Helped by a Jeff Casteel-led defense that ranked 13th nationally in points allowed, Rich Rodriguez hoisted the 2006 Sugar Bowl trophy. Photo by Photo by Bill Haber-Pool/Getty images

Rich Rodriguez coached against Jeff Casteel for much of the 1990s. Rodriguez then hired Casteel to work with him at West Virginia through most of the next decade.

Now, they will be reunited in a new adventure in Tucson.

Rodriguez, the new Arizona Wildcats head coach, will hire Casteel to be his defensive coordinator — waiting for the official announcement this afternoon — just as it was for five seasons at West Virginia.

As the head coach at Division II Glenville State from 1990 to 1996, Rodriguez used to unleash his read-option offense against conference rival Shepherd, where Casteel coached for 12 years. He was the defensive coordinator from 1991 to 1999.

“We played against him and I always had a lot of respect for him and how his team played,” Casteel said in a 2001 interview with the Charleston Daily Mail.

Rodriguez lost his first three games against Shepherd, but won his final four.

Casteel coached defensive ends at UTEP in 2000 before Rodriguez brought him in to coach the defensive line on his first staff at West Virginia. Casteel was promoted to co-defensive coordinator (with new Arizona State head coach Todd Graham) in 2002 and became the full-time coordinator in 2003 when Graham left.

It was in the 2002 season, after an offseason trip to study Wake Forest, that Casteel would deploy the unusual 3-3-5 stack defense that has become his signature. The origins of the scheme — emphasizing speed, flexibility and disguise with two roving safeties — are traced to the mid-1990s, starting with Mississippi State coordinator Joe Lee Dunn and later with South Carolina’s Charlie Strong.

Casteel didn’t create the defense, but he has become its greatest practitioner.

“I think there’s more made out of this defense because nobody plays it on a full-time basis,” Casteel said in a 2009 interview with the Dominion Post of Morgantown, W.Va. “A lot of people run it as third down package or sub-package but we’re one of the only teams that run it full time.

“How many people are you going to talk to about the [more common] 4-3 defense? Just because [the 3-3-5] is a defense that you haven’t really heard a whole lot about, it intrigues people. But more gets made out of it than what it is.”

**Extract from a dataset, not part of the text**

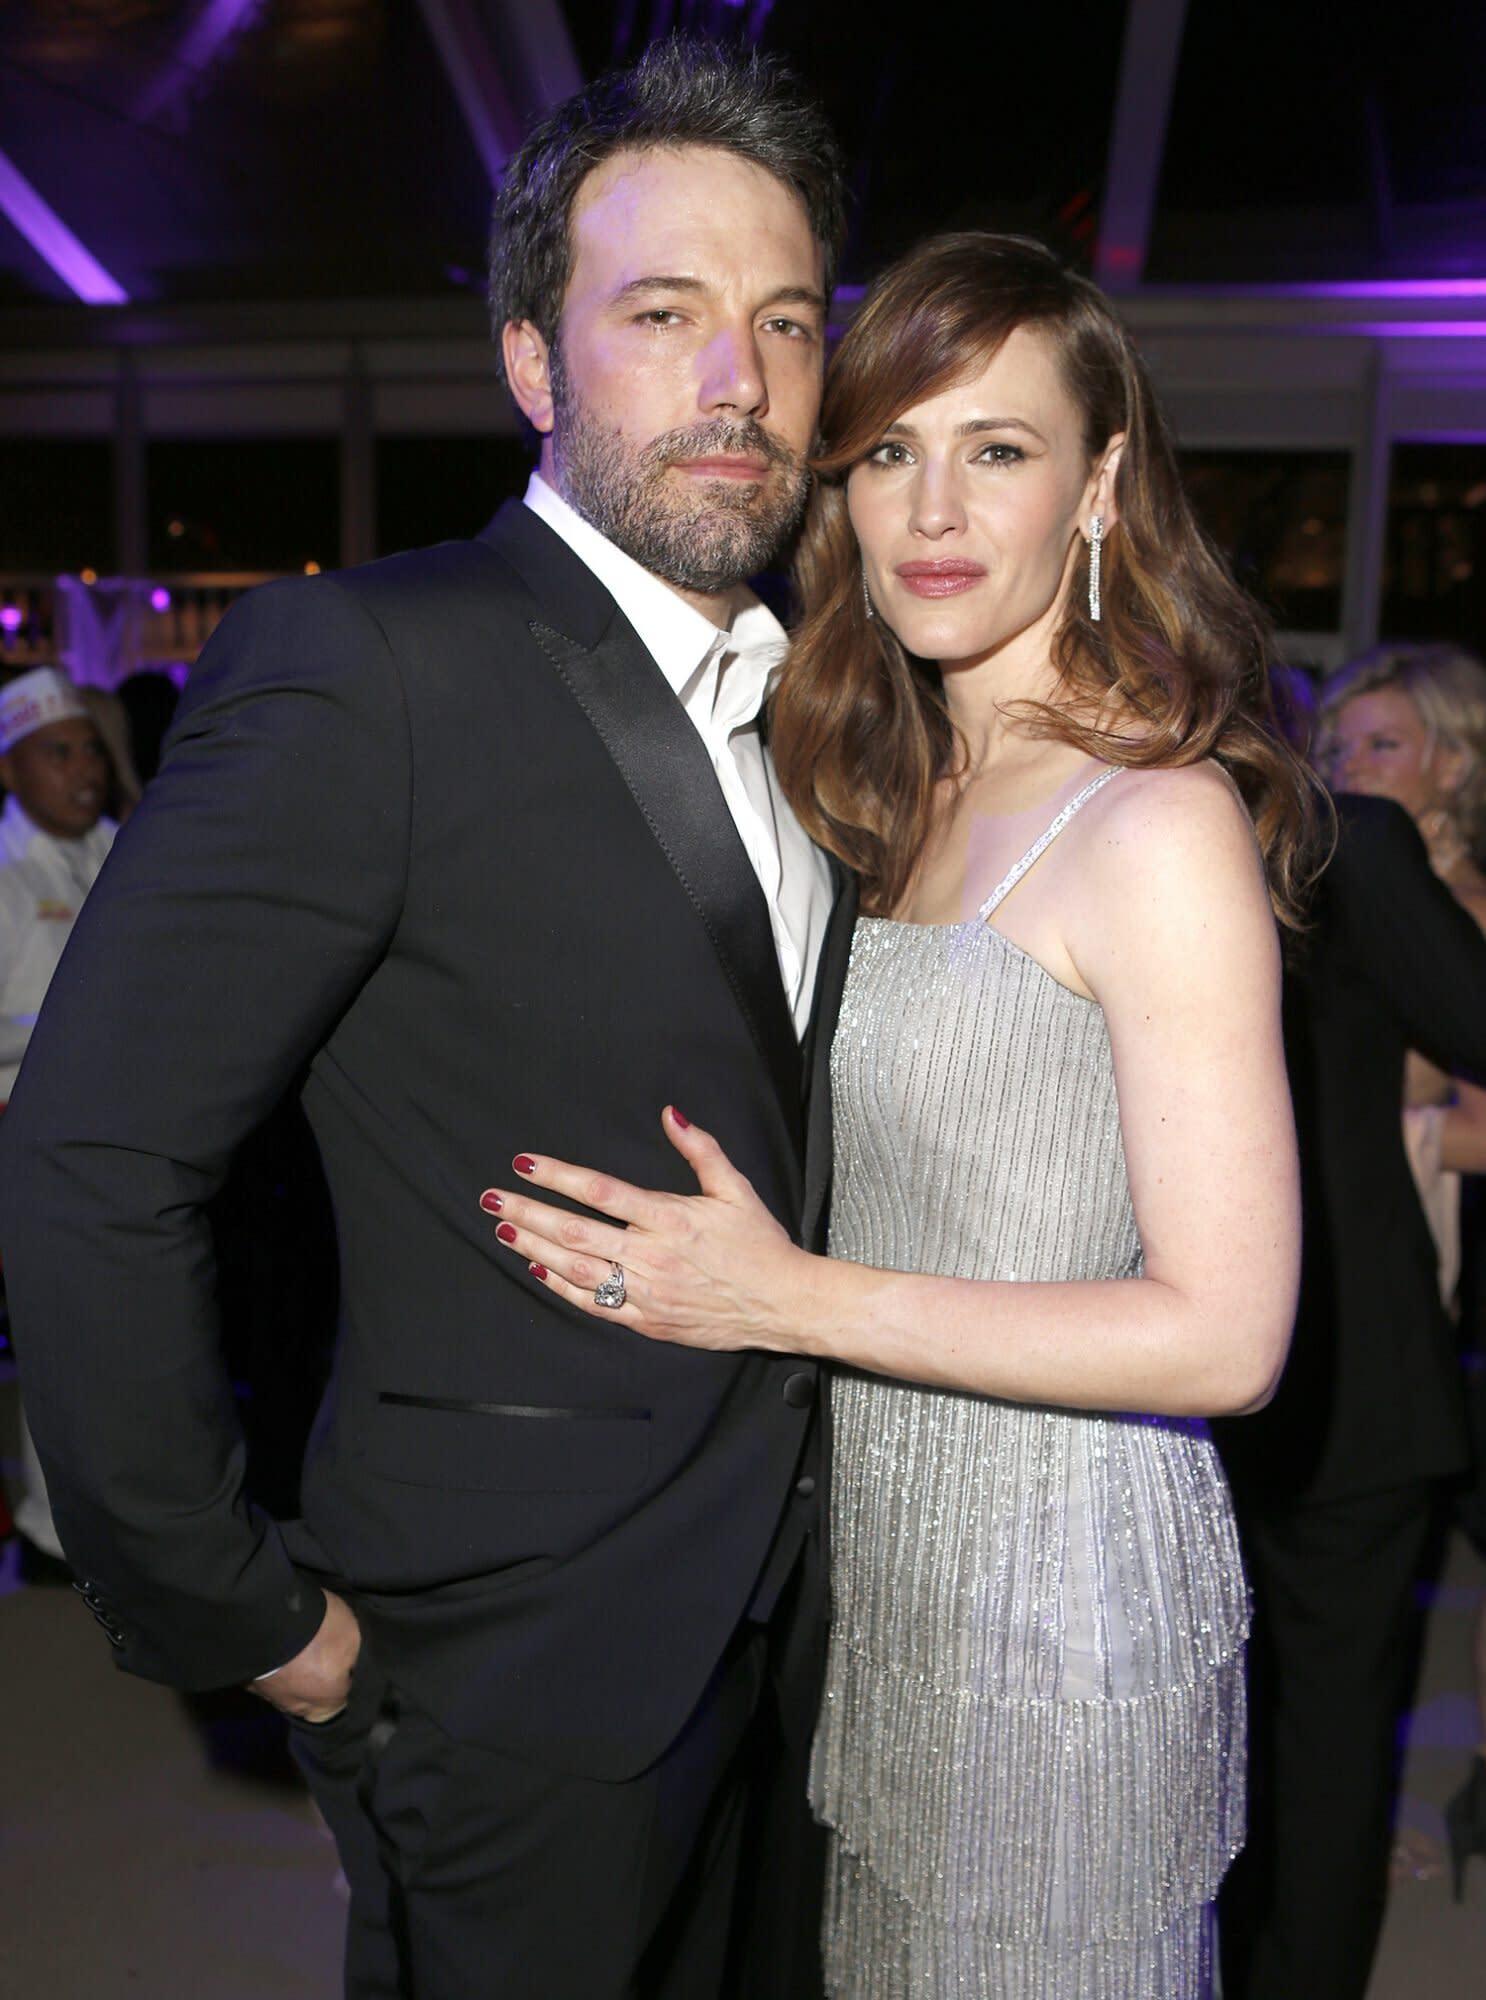 Ben Affleck Shares How His Divorce from Jennifer Garner Has Helped Him Become a Better Actor

Rodriguez has a high level of confidence in the defense, unsuccessfully trying to run it at Michigan from 2008 to 2010, when Casteel stayed at West Virginia.

But Rodriguez has compiled most of the old gang with his first coaching staff at Arizona. Six of the nine assistants from his final West Virginia coaching staff in 2007 are Wildcats:

Casteel, co-offensive coordinator/running backs coach Calvin Magee, co-offensive coordinator/quarterbacks coach Rod Smith, receivers coach Tony Dews, defensive backs coach Tony Gibson and defensive line Bill Kirelawich.

In addition, cornerbacks coach David Lockwood was at West Virginia for the past three years with Casteel and was a grad assistant for the Mountaineers in 1989, when Rodriguez was a volunteer coach. New tight ends coach Spencer Leftwich was at Pitt last season with Magee, Dews and Gibson.

The only true “outsider” is offensive line coach Robert Anae, who was retained from the previous Arizona coaching staff.